Now that you know the secrets to making homemade pickles stay crisp, here is a recipe for you to make some delicious pickles on your own. Oh! One last secret before you go. The Hail Mary ingredient for crispier-than-thou pickles are tannins. Tannins also give pickles some of the important sour taste required for a great pickle. Grape, oak, and horseradish leaves are great sources of tannins, and black tea leaves can also be used in a pinch to help maintain a pickle’s crispiness.
Yield: 2 Quart-Sized Jars
5 Tbsp. sea salt
2 quarts filtered water
6 tannic leaves – grape, oak, or horseradish leaves
12-18 cloves garlic, peeled
4 large heads of dill, or 2 Tbsp. dill seed (not weed)

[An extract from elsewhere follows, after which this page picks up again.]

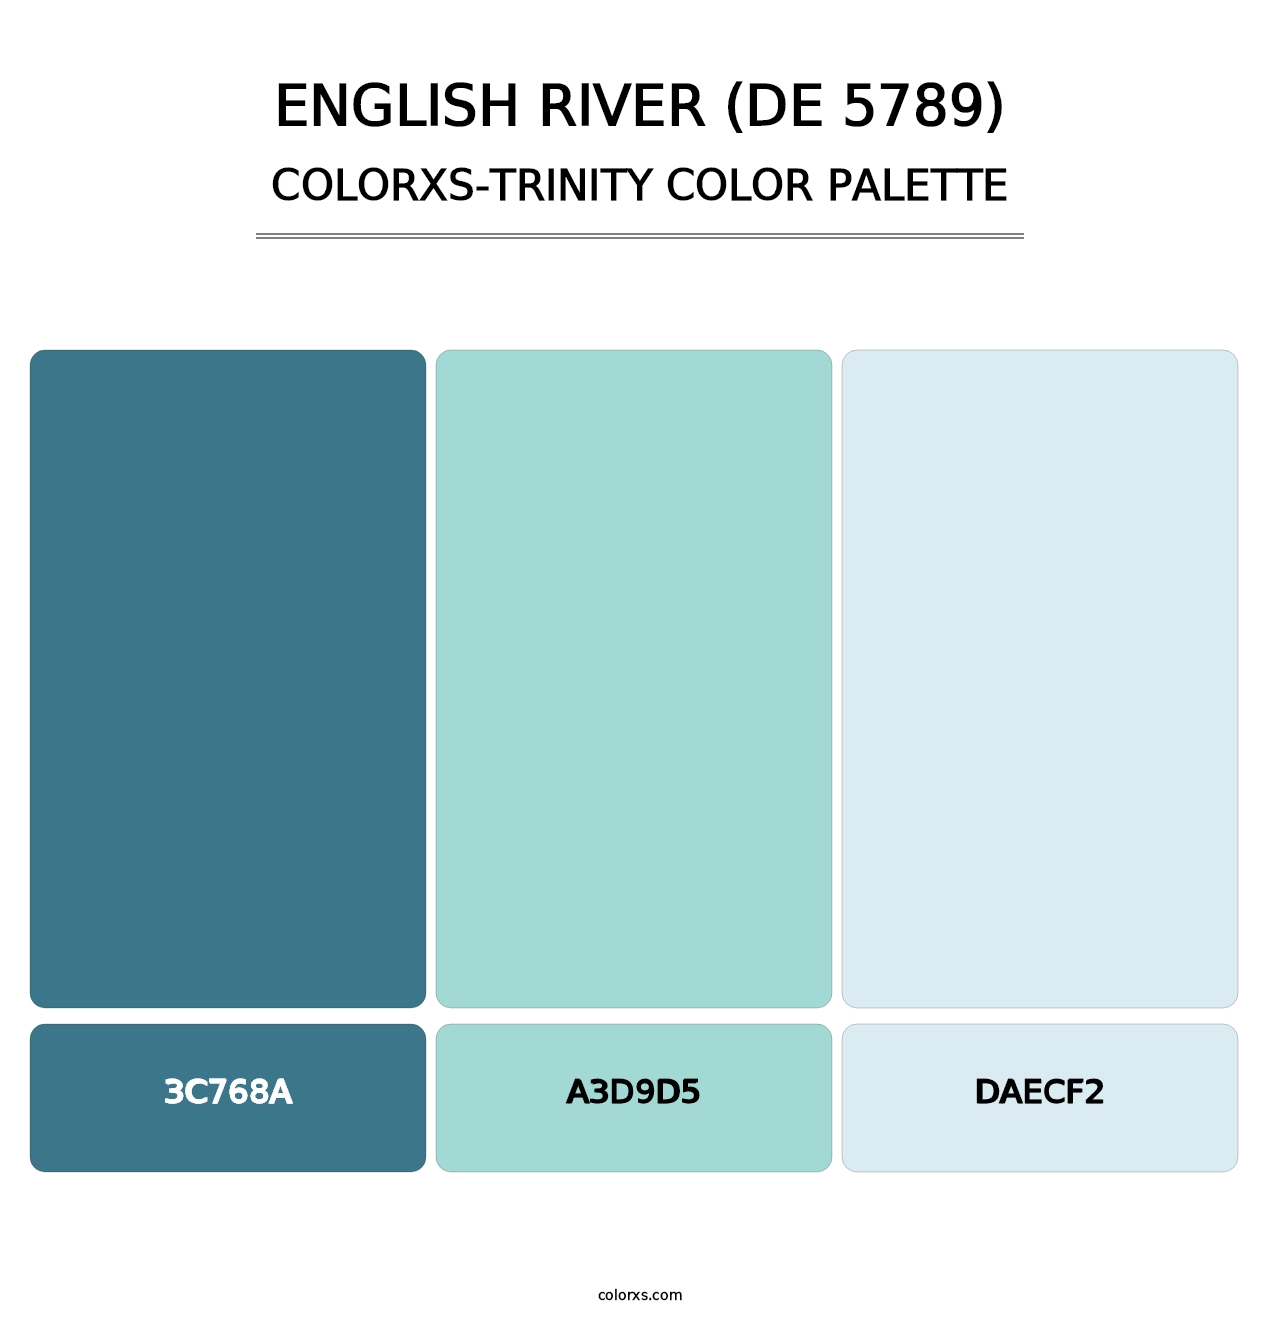 English River (DE 5789) - Colorxs Trinity Palette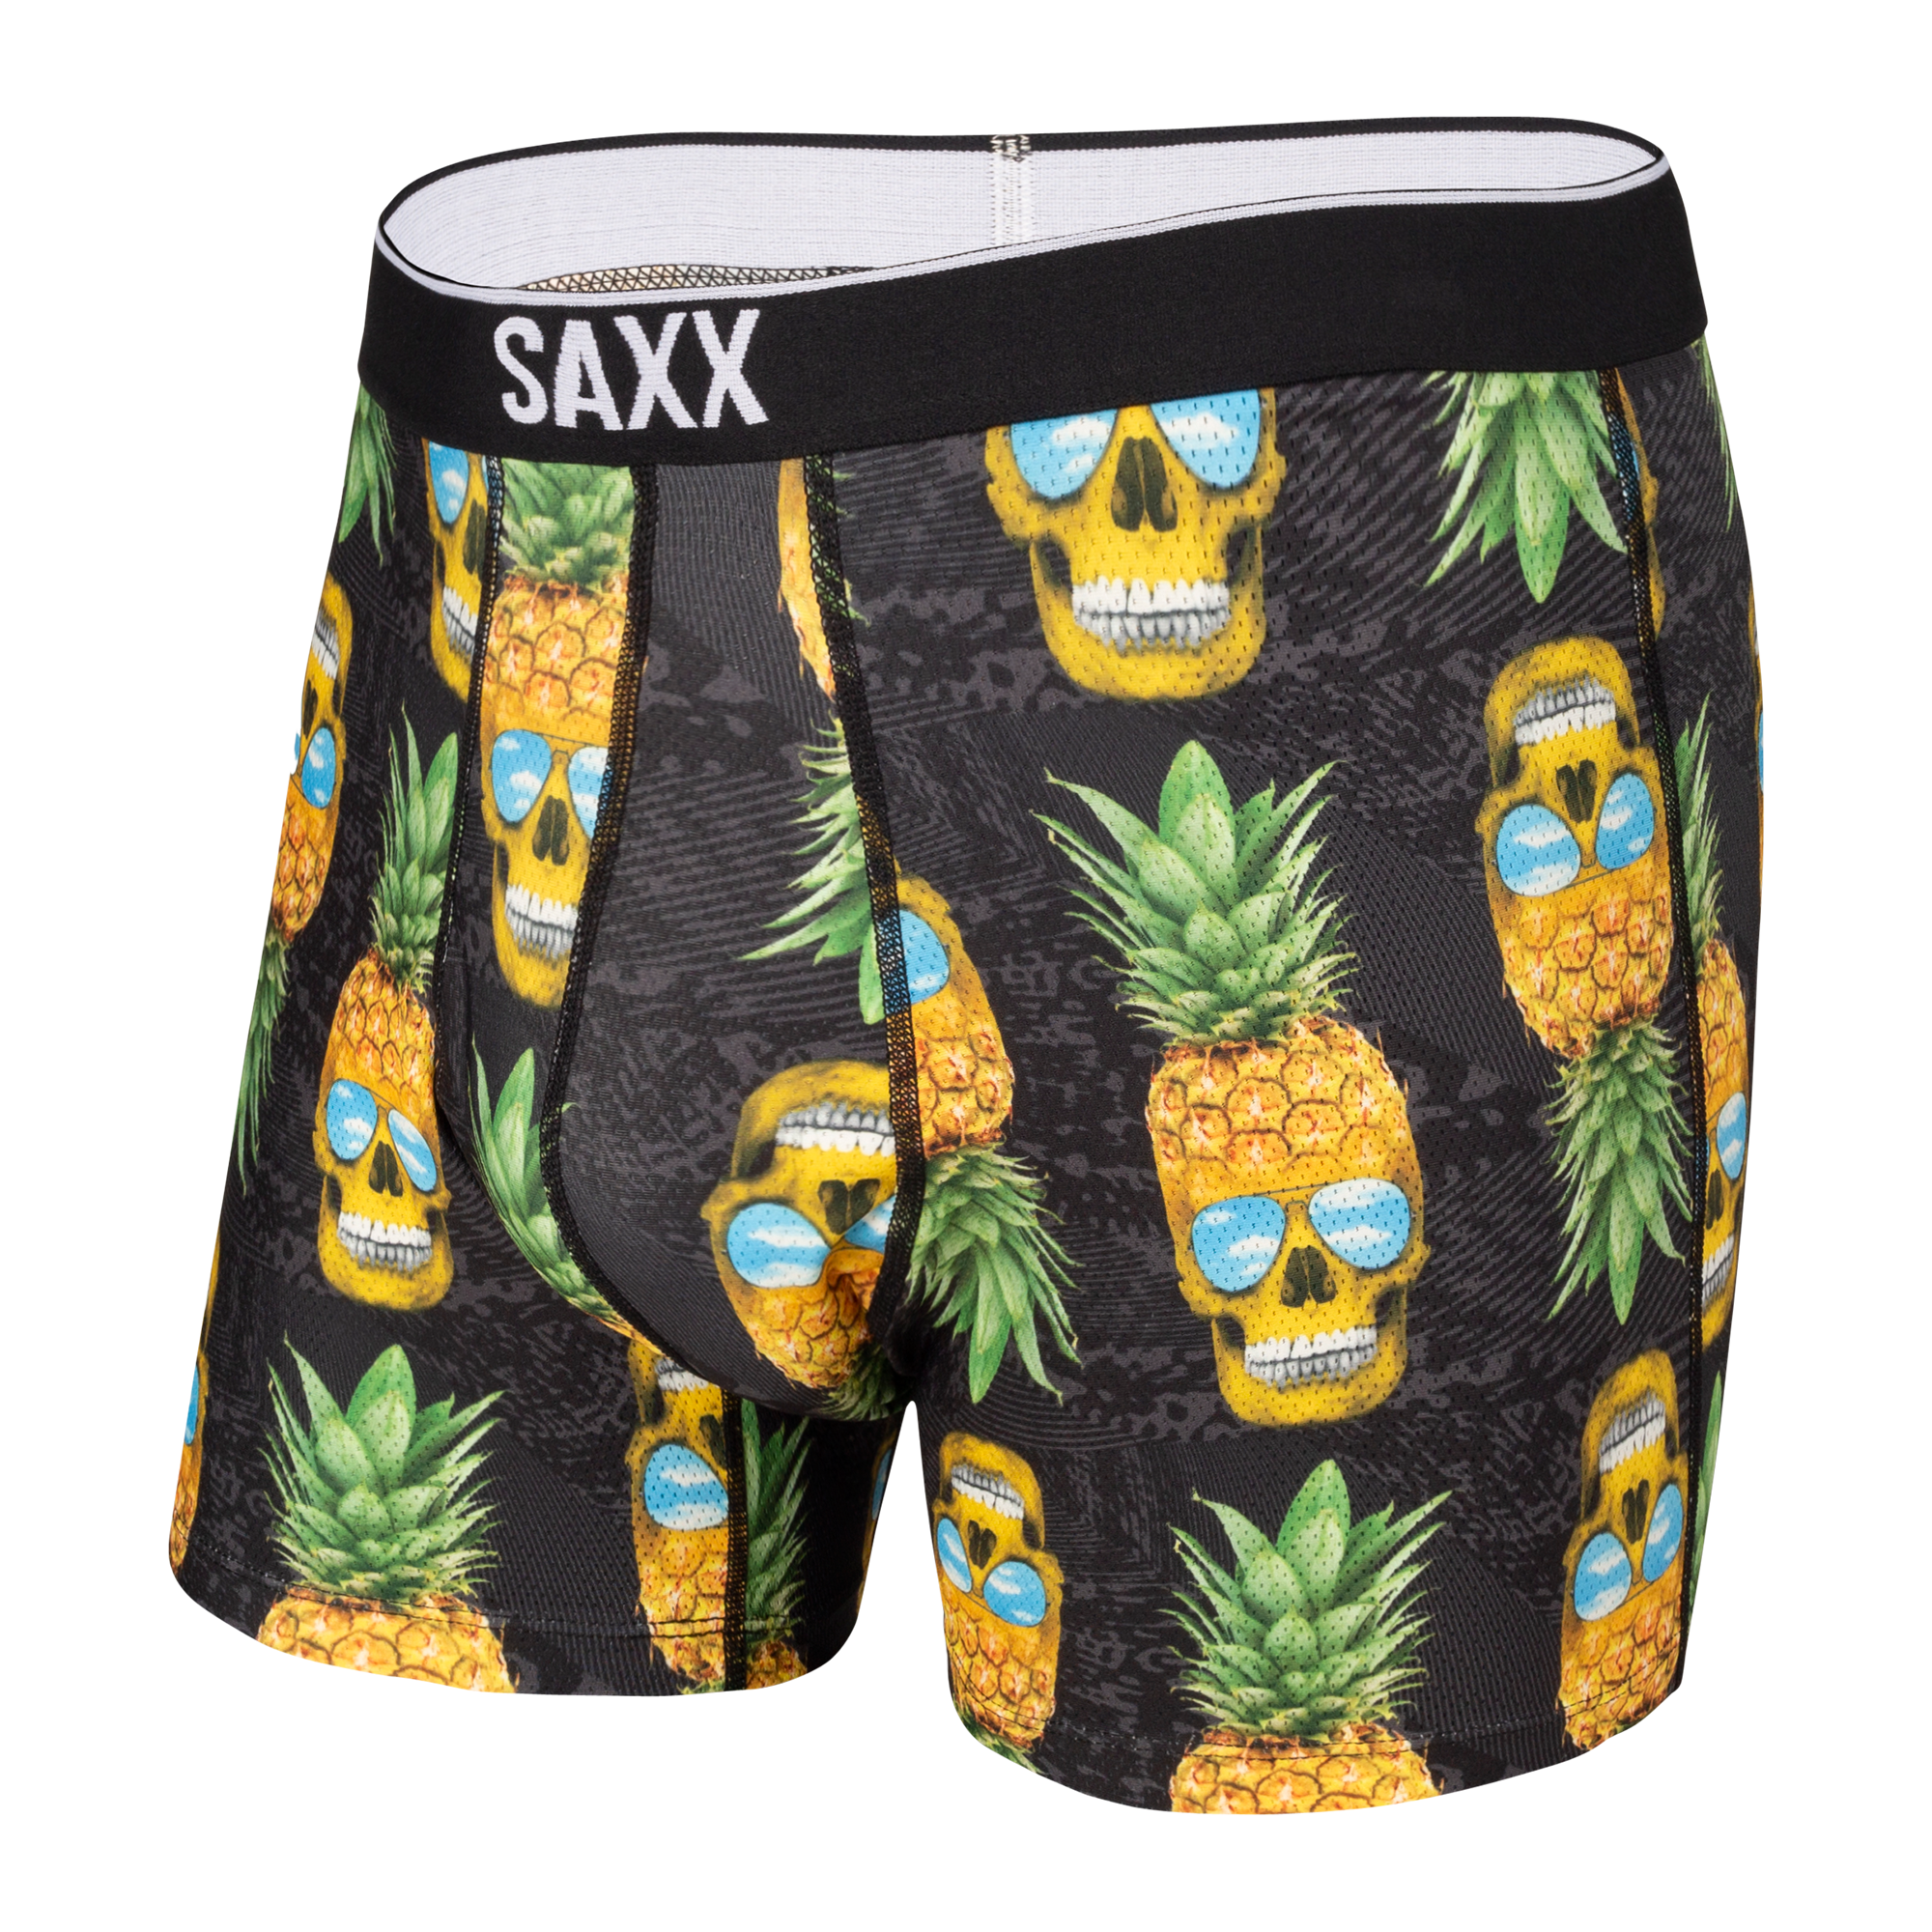 Boxer Saxx Volt Pineapple express

Spices to taste: black peppercorns, red pepper flakes, whole mustard seeds, etc
Enough pickling cucumbers to fill two 32 ounce glass jars
- Clean jars and lids, if using them. Sterilize them with boiling water or in the dishwasher. You want them hot and disinfected.
- Make brine by dissolving 5 tablespoons sea salt in 2 quarts of filtered water, no need to boil – cooler water will help retain crispness.
- In each of the quart jars, add one of the tannin-containing leaves, 2-3 cloves of garlic, the heads of dill, and 1/6 of the spices.
- Pack one quarter of the cucumbers in each of the jars on top of the spices. (The longest ones work best at the bottom.)
- In each jar, repeat layers: one tannic leaf, 2-3 cloves of garlic, and another 1/6 of the spice mix. Add another layer of cucumbers and top off with remaining garlic and spices.
- Pour brine over the pickles, leaving approximately 1.5 inches of space at the top. Place another tannin-containing leaf on top of the pickles as a cover between the pickles and the surface of the brine. Use a fermentation weight to keep the pickles under the liquid, if necessary. Cover the jar with a tight lid, airlock lid, or coffee filter secured with a rubber band.
- Ferment at room temperature (60-70°F) for 2-6 weeks until desired flavor and texture are achieved. If using a tight lid, open to “burp” daily, releasing excess pressure. The brine will turn cloudy and the pickles should taste sour when done.
- Eat now or store in refrigerator or root cellar for months.